Film / Reviews
Review: Gold
Gold (15)
USA 2016 121 mins Dir: Stephen Gaghan Cast: Matthew McConaughey, Edgar Ramírez, Bryce Dallas Howard, Toby Kebbell
When a film is advertised as being “based on a too good to be true story” and its opening caption claims it is “inspired by true events”, we’re prepared for a yarn that plays as fast and loose with the facts as such notorious dissemblers as keen Brexiteers or the President of the USA. Oscar winning Traffic writer Stephen Gaghan’s Gold certainly changes names and locations and conflates characters, mostly for legal reasons, but the bare bones of the plot – and many of the outlandish details – really happened. In something of a gift to the filmmakers, it’s a story that’s little known outside Canada. Trouble is that this alone doesn’t make for a great movie. Despite a self-conscious attempt to ape the style and tone of The Wolf of Wall Street and American Hustle, Gold falls rather short, seemingly unable to decide whether it wants to be a caper movie or anti-capitalist satire and ultimately succeeding as neither.
Still, it does have Matthew McConaughey with a pot belly and Johnny Depp’s Black Mass baldy wig chomping up the screen as down-on-his-luck prospector Kenny Wells. Once the golden boy of the small-time but solvent family Washoe Mining Corporation, he lost everything in just seven short years. By 1988, he’s working out of a local bar with his few remaining loyal sidekicks. So Kenny decides to risk the little he has left, together with whatever he can scrape together from gullible investors, on one last, desperate roll of the dice. Old chum geologist Michael Acosta (Edgar Ramírez) once made a huge copper find in Indonesia and theorised that there was an even larger fortune in gold to be found somewhere in the inhospitable jungle. Sure enough, after suffering plenty of hardship and setbacks, the duo hit the mother lode. Now all those Wall Street slickers who treated Kenny like a joke have to eat shit as they scramble for a slice of the biggest find of the century.
Clearly, there’s more to the story than this or it would all be rather dull. A framing device has Kenny being interviewed, initially in voiceover, and we eventually learn the circumstances of this encounter.
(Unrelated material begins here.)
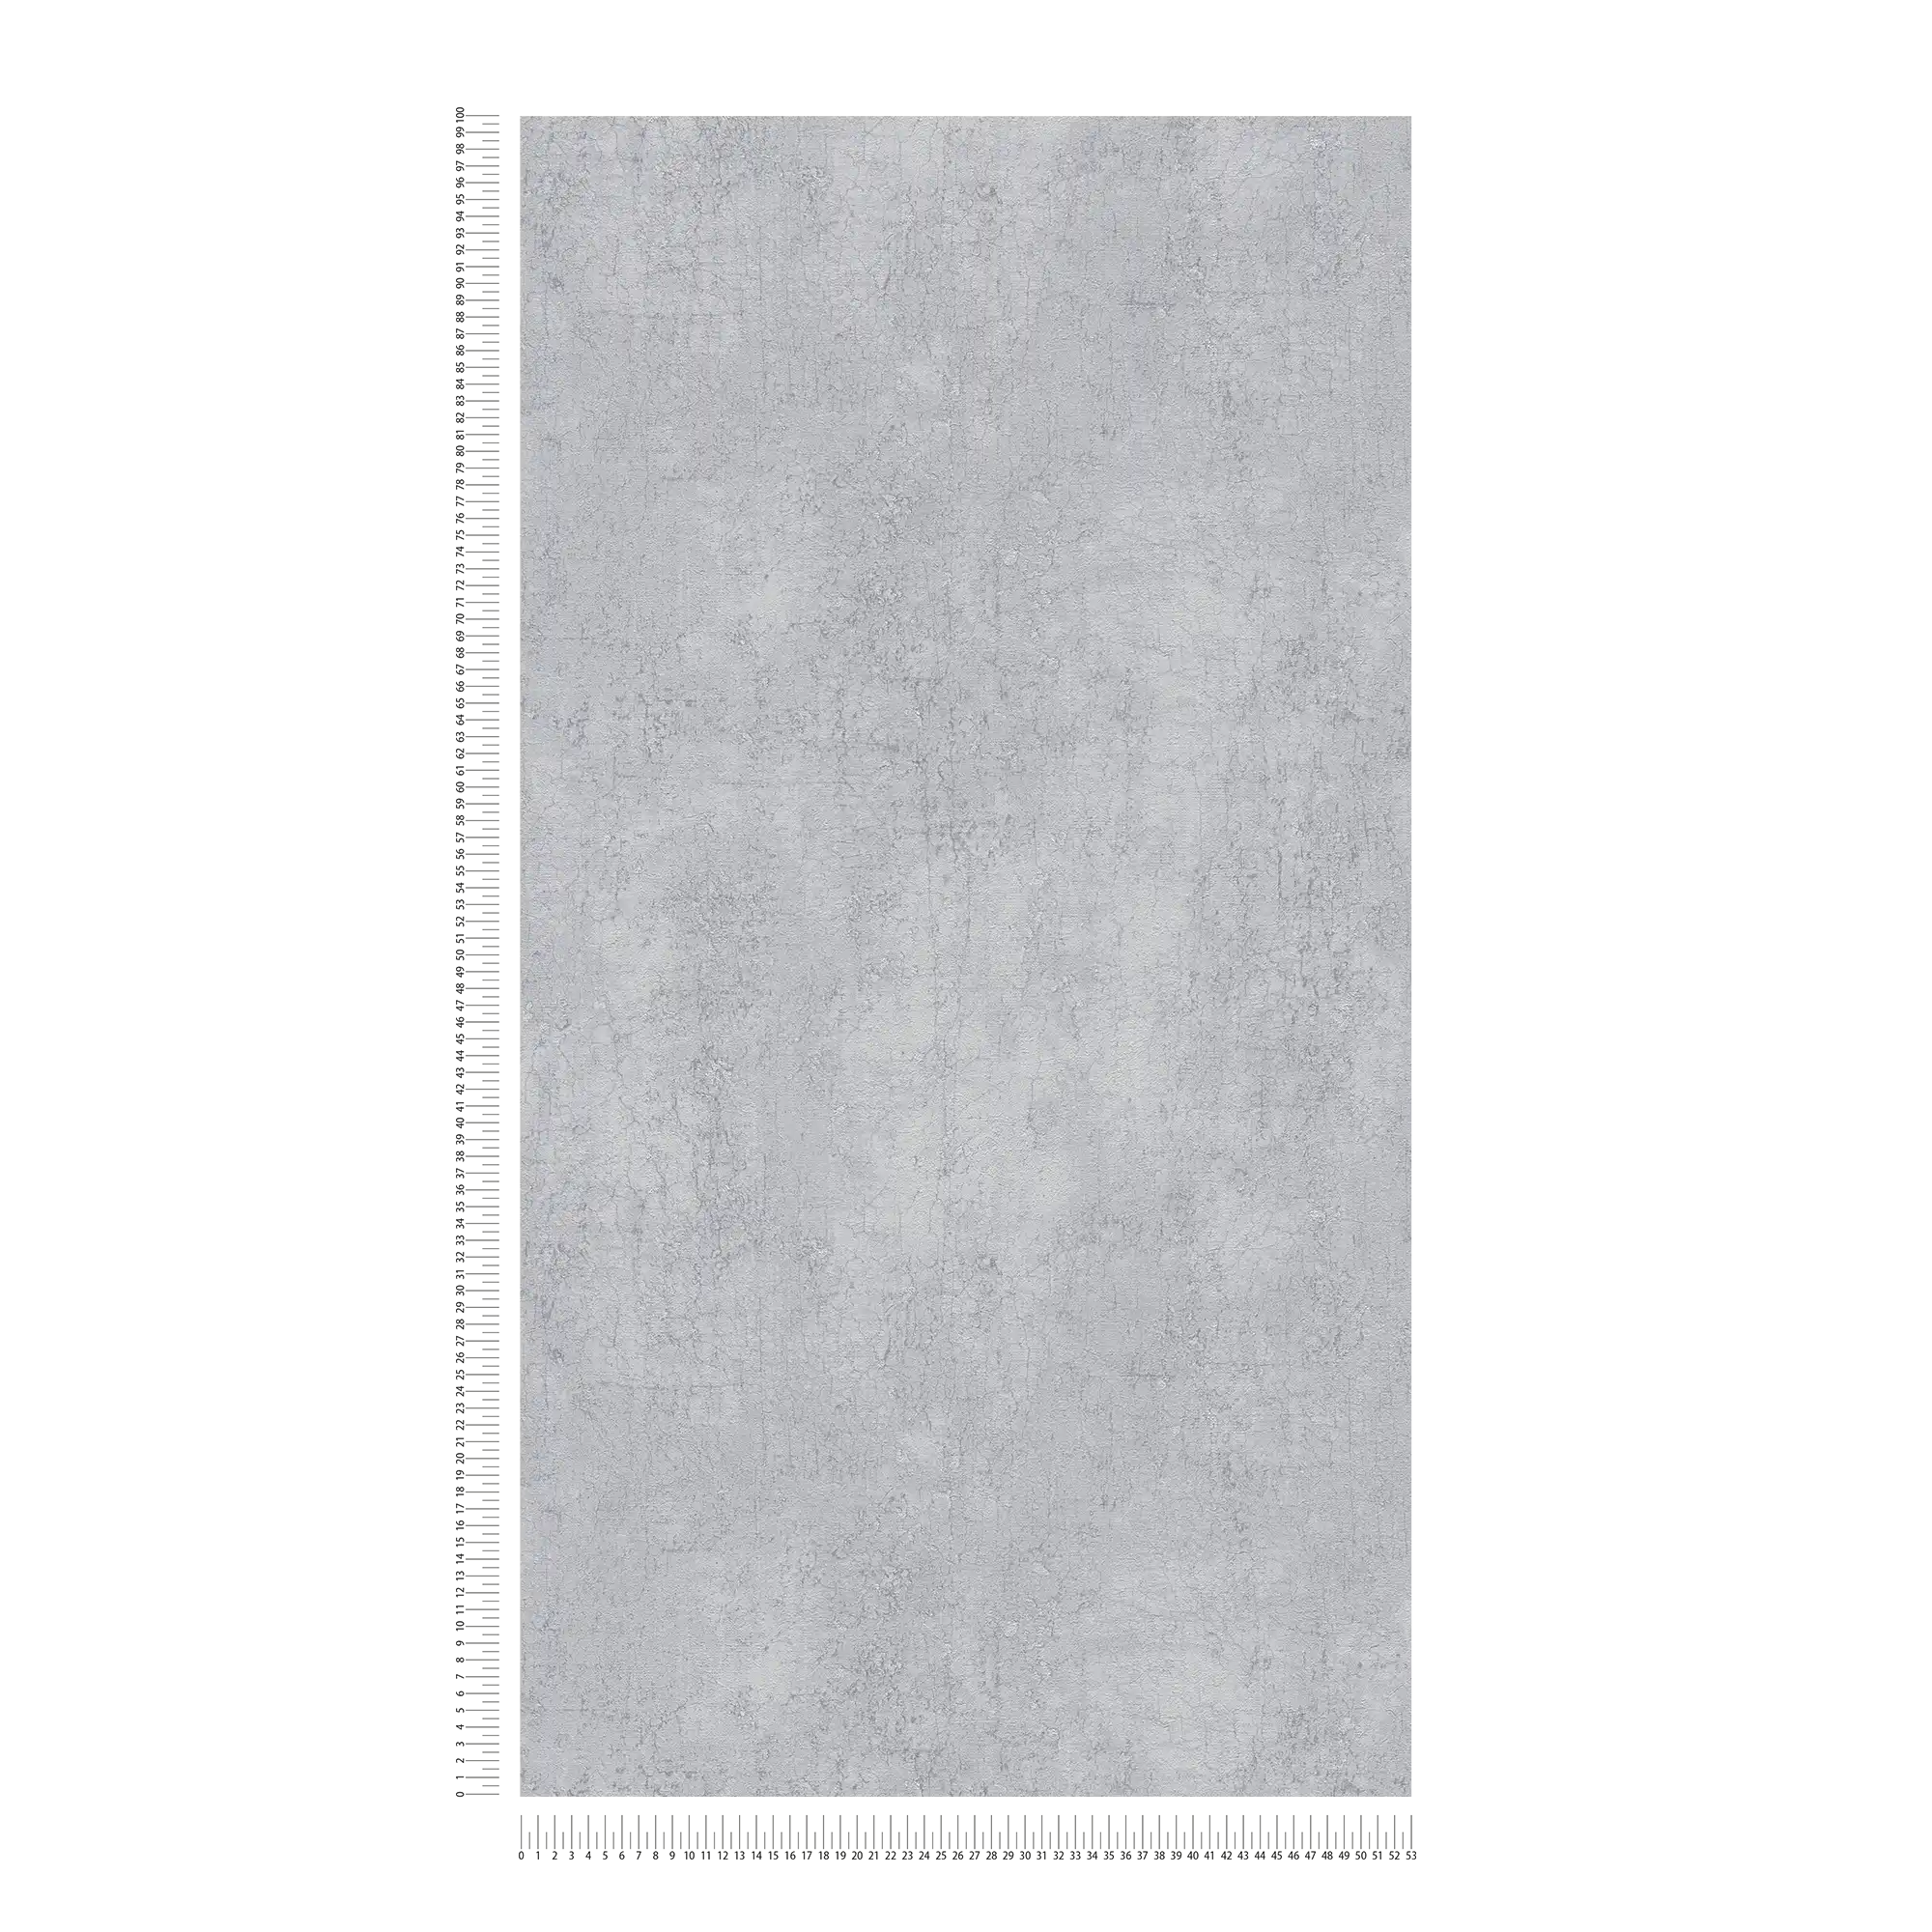             Carta da parati Plaster optic grigio pietra con accenti d'argento - grigio, metallico
        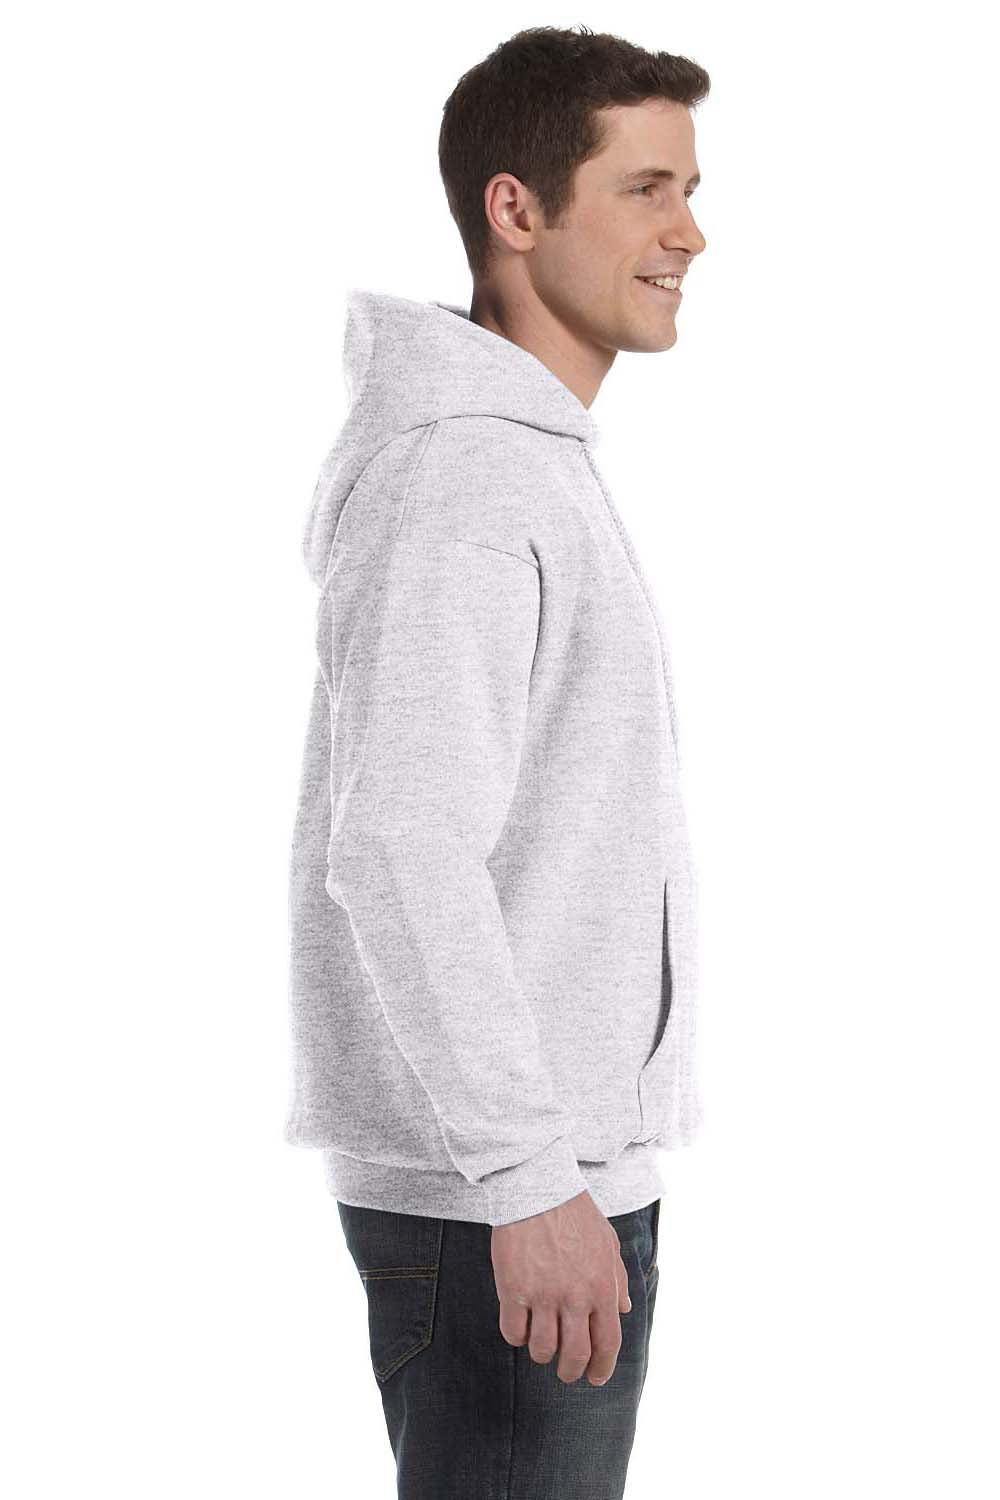 Hanes P170 Mens EcoSmart Print Pro XP Hooded Sweatshirt Hoodie Ash Grey Side

McConaughey certainly has great fun as the chain-smoking, whisky-guzzling, cocky and garrulous anti-hero, taking every opportunity to expose the ample Method Belly that flops over his Y-fronts. There’s also much knockabout fun had at the expense of Wall Street insiders’ privately expressed disdain for this vulgar interloper and his frightful nouveau riche wife (Bryce Dallas Howard). “It’s like a drunk raccoon got hold of the Hope Diamond,” sniffs Corey Stoll’s devious investment banker.
As a parable about greed, however, Gold is rather less successful, pulling its punches when it could go for the jugular. Instead, plot mechanics eventually yield a lightly foreshadowed twist, though this is more through underchracterisation than misdirection. Indeed, one key player is something of an enigma whose motives remain unclear throughout. The final payoff is also a cheap shot that’s clearly intended to raise a smirk, but doesn’t bear any real scrutiny. That said, we do learn some interesting stuff about the prospecting industry. Who knew that there was a Prospector of the Year award that takes the form of a Golden Pickaxe? Or that there’s a magazine entitled Gold Digger? One can’t help wondering how many ambitious ladies have picked up a copy, only to find that it was not what they expected.